Slieve Gullion SDLP rep, Pete Byrne said: “You can’t just rely on social media, we need to be able to contact businesses who will be affected directly.

“When the situation was live, it has been highlighted in the council’s report that it did all that was expected of them, but they actually went over and above.

“The public messaging has to go out to the public very, very quickly and social media is the place to get that information out there.

“Going forward, residents get updates on social media, but we have to try and tweak the (emergency messaging) policy, that in cases of severe flooding like we have seen over the last couple of weeks, that businesses are contacted immediately and I don’t know if the best way of doing that is through social media.

“There has to be a procedure to contact business directly, perhaps through the chamber of commerce or the BID (business improvement district) so that businesses get the information straight away.

“We all heard businesses saying that if they had more notice they would have been better prepared and could have saved some stock.

“We can say till we’re blue in the face, that messaging was put out on social media, but they have got to be contacted directly.”
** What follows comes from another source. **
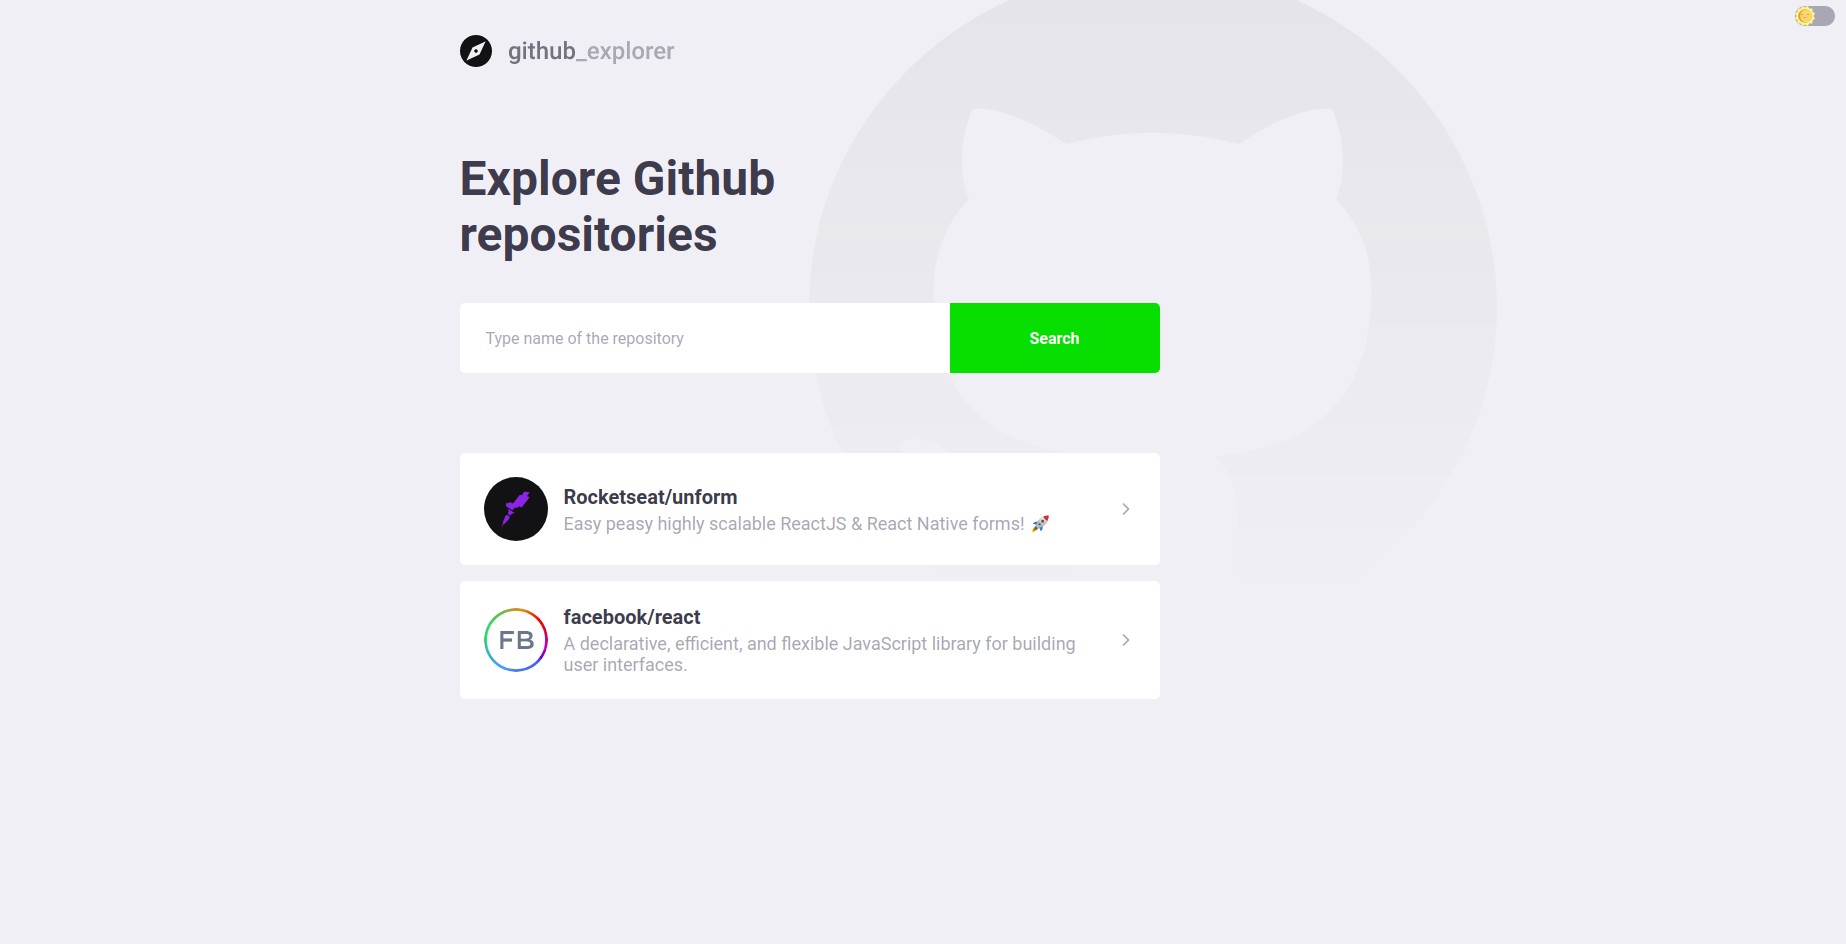 Github Explorer

Elected members across the chamber voiced their own experiences from the flood with many identifying a greater need to improve communications between all concerned.

Downpatrick Sinn Fein councillor, Oonagh Hanlon added: “Would it not be more prudent to have a flood alert scheme as they have in other jurisdictions and send alerts to everybody?

“We need to be cognisant that residents were affected by the flooding as well.

“We don’t have that scheme in place here. I know that today (Nov 16), speaking with the shadow secretary of state and he had been letting us know, that his constituency suffered very badly from flooding in 2007, where 55k homes were flooded, which effectively kicked in flood emergency warnings.

“I think that might be a better way of doing it.

“Certainly businesses absolutely need clarity, but I do think it needs to be wider and go out to absolutely everybody.

“I do think that the focus needs to be from the local council that we have an emergency flood alert scheme.”

A council officer told the chamber that the emergency alert system was not a matter for the local authority and that the latest flood alerts “had been led by the Department for Infrastructure”.

The officer said: “Something like the flood alert scheme would be another agency, we won’t bring the flood alert scheme in ourselves, we could put matters raised in writing to the agency involved.

“The flood alert scheme is not part of our statutory duties.

“Though, I can get the information requested and bring it back to the next meeting.”